HDFC Bank has placed two senior executives on gardening leave amid an internal probe into the alleged mis-selling of Credit Suisse’s Additional Tier 1 (AT1) bonds according to Bloomberg. The move, confirmed by sources familiar with the matter, comes as the bank faces mounting scrutiny from regulators. While the bank has refrained from making public statements, insiders maintain that the decision to sideline the executives was precautionary.
On September 25, Dubai Financial Services Authority (DFSA) issued an order restraining HDFC Bank’s DIFC branch from onboarding new clients or promoting financial services. The DFSA cited lapses in the bank’s onboarding and advisory processes, though it stopped short of directly linking the action to the AT1 bond controversy. Sources within HDFC Bank acknowledge that the regulatory clampdown is a direct consequence of the Credit Suisse bond fallout. They stated that the bank is fully cooperating with the DFSA and has halted all new client acquisition, while continuing to service existing customers. “No one goes against the regulators, the bank remains committed to regulatory compliance, even as it navigates the reputational risks of being caught in the crossfire of a global financial fiasco,” said source close to the issue.

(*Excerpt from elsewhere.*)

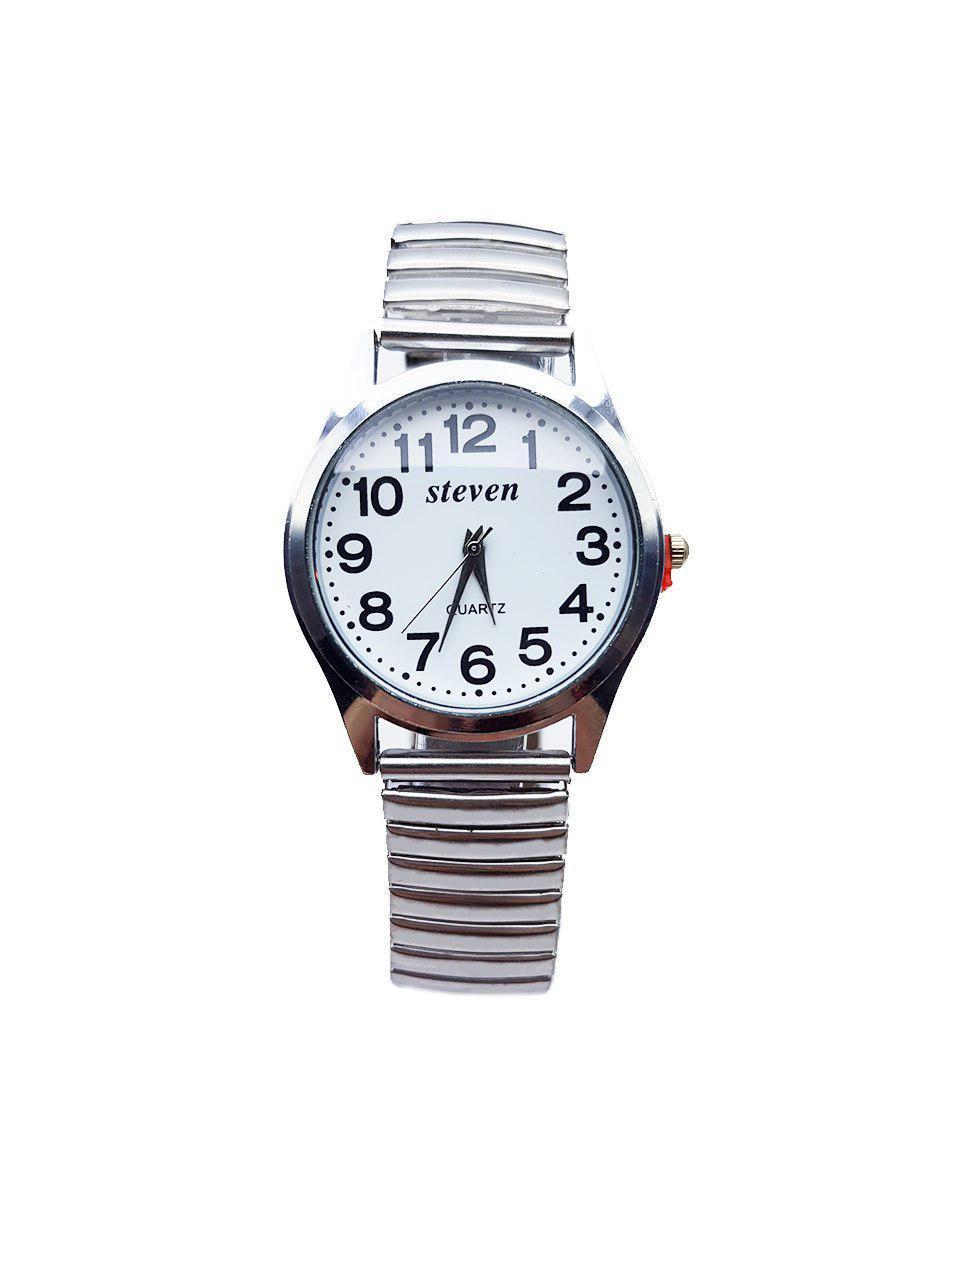 98523f3a6cbe Часы наручные женские STEVEN, кварц, серебристый цвет: продажа, цена в  Києві. ...

Senior manager resigns ahead of action
According to the DFSA website, a senior manager, money laundering reporting officer resigned few days before the regulatory order. The person was close to two years with the bank. Currently there are three authorised individuals –finance officer, compliance officer and a senior executive of the bank registered with authority.

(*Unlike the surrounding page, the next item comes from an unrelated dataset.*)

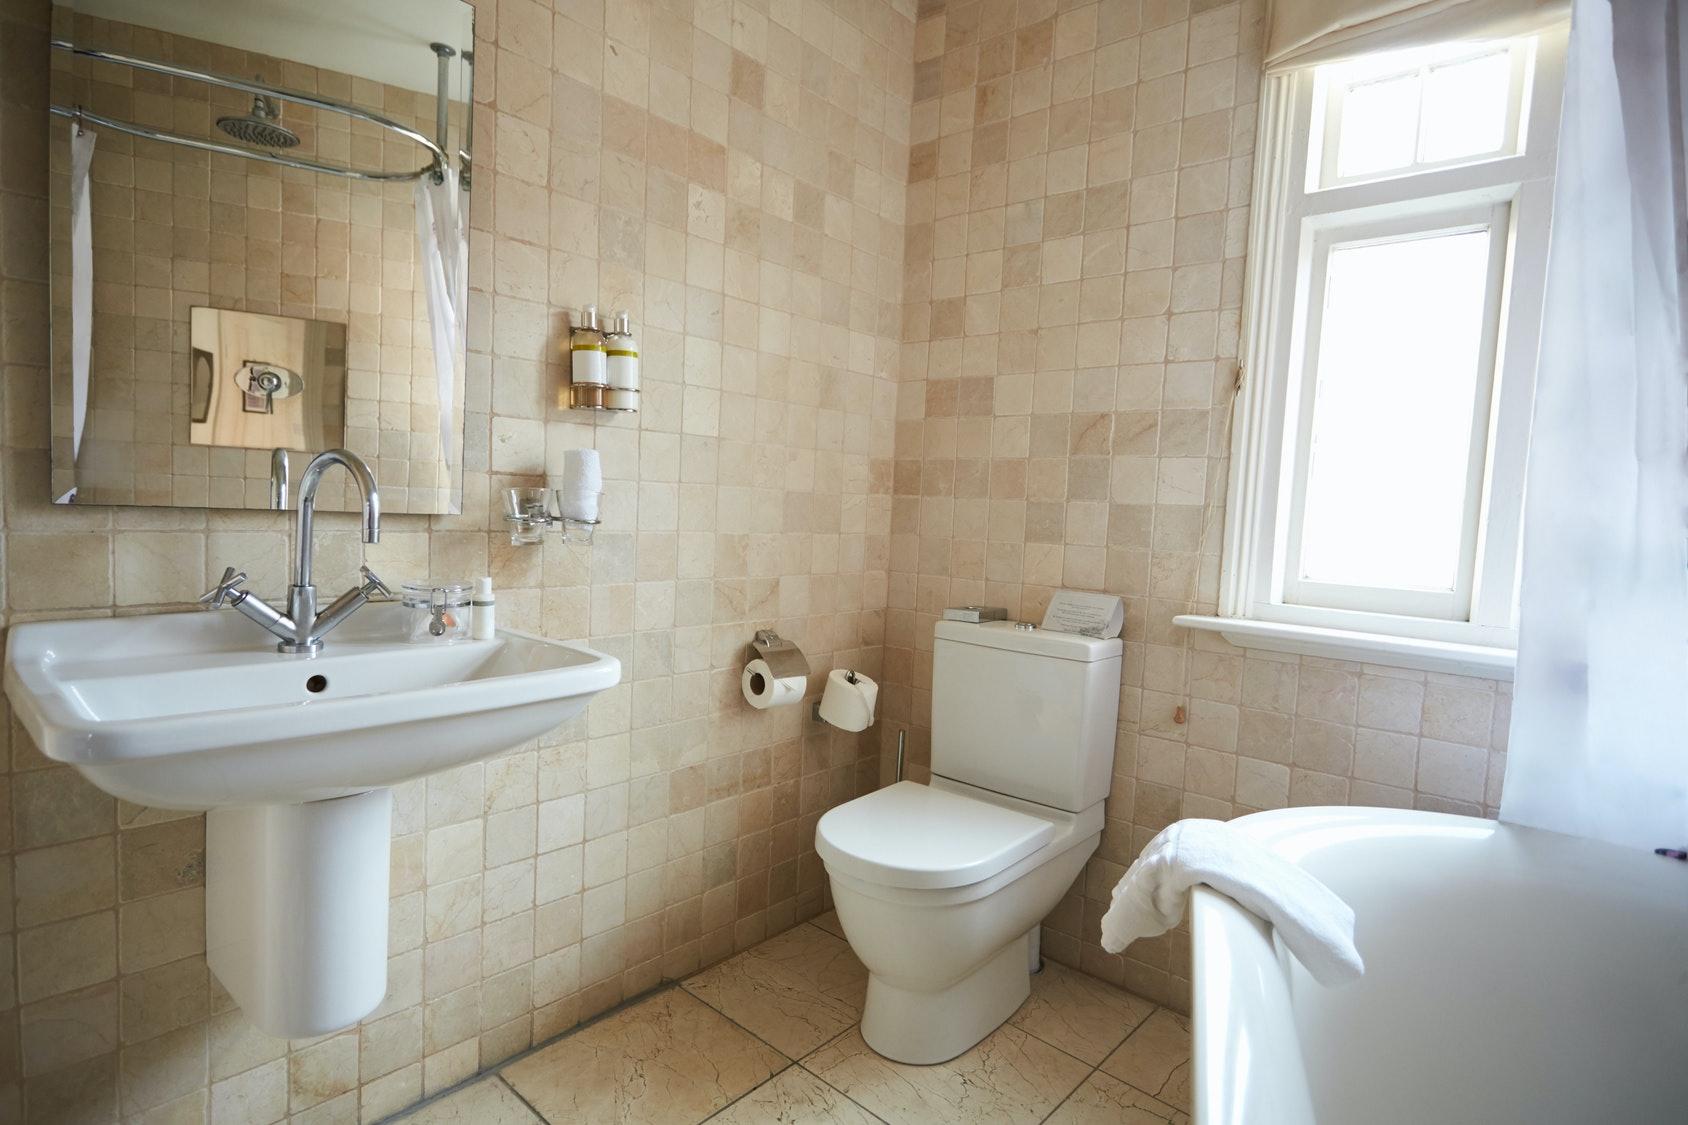 the 12 best air fresheners for bathroom smells rh bustle com  best air freshener for bathroom odor

Back in India, the issue has sparked a wave of complaints from high-net worth individuals who claim they were misled into investing in Credit Suisse’s AT1 bonds through HDFC Bank. Reports suggest that four investors including one from Coca-Cola has filed complaints with Economic Offences Wing (EoW), alleging that the bank has misused their deposits worth Rs 25-30 crore to invest in Credit Suisse AT1 bonds.

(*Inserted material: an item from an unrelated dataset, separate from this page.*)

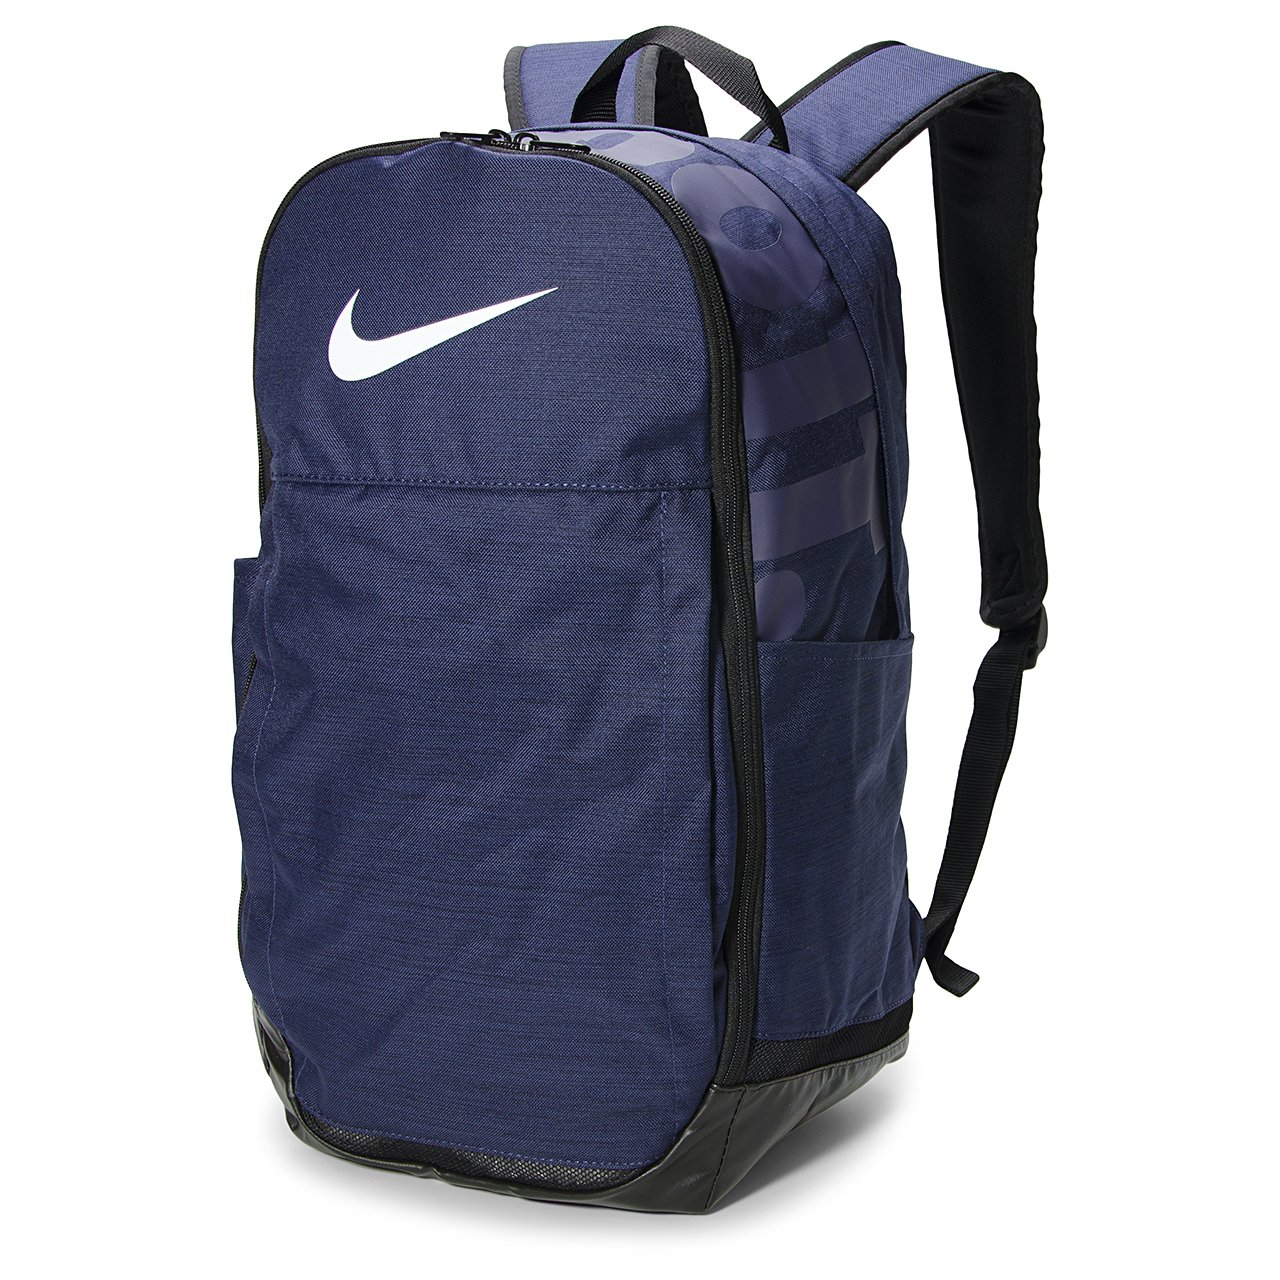 Nike Unisex Nk Brsla XL Bkpk Rucksack, Schwarz, 15x24x45 Centimeters

AT1 bonds, introduced globally after the 2008 financial crisis, are hybrid instruments designed to absorb losses and bolster a bank’s capital base. They offer attractive yields but rank lowest in the repayment hierarchy. Until recently, these bonds were considered relatively safe by many investors, especially those planning for retirement. The perception changed dramatically in 2023 when Swiss regulator FINMA wrote off Credit Suisse’s AT1 bonds worth over $20 billion as part of the bank’s emergency merger with UBS. The move stunned global markets and left many of investors empty-handed, triggering lawsuits and appeals across jurisdictions. Recently this month a Swiss court has since ruled that the write-off lacked legal basis, offering hope to aggrieved bondholders.
High returns keep investors hooked
In India, the AT1 bond saga is not unprecedented. The collapse of YES Bank in 2020 saw its AT1 bonds written down, leading to similar investor outrage and legal battles. Despite regulatory warnings, many investors continue to view AT1 bonds as a viable retirement instrument, drawn by their high returns and perceived stability. Financial advisors often market these bonds to investors with over Rs one crore in investable assets, effectively bars most retail investors.
Sources in HDFC Bank, for its part, insists that it has not mis-sold the Credit Suisse bonds. “We don’t advertise these products, but investors have been actively demandning them” said one source. The source explained that the bank simply facilitate access for those who qualify. The bank has also stated that it has not received any formal summons related to the complaints and continues to monitor the situation closely.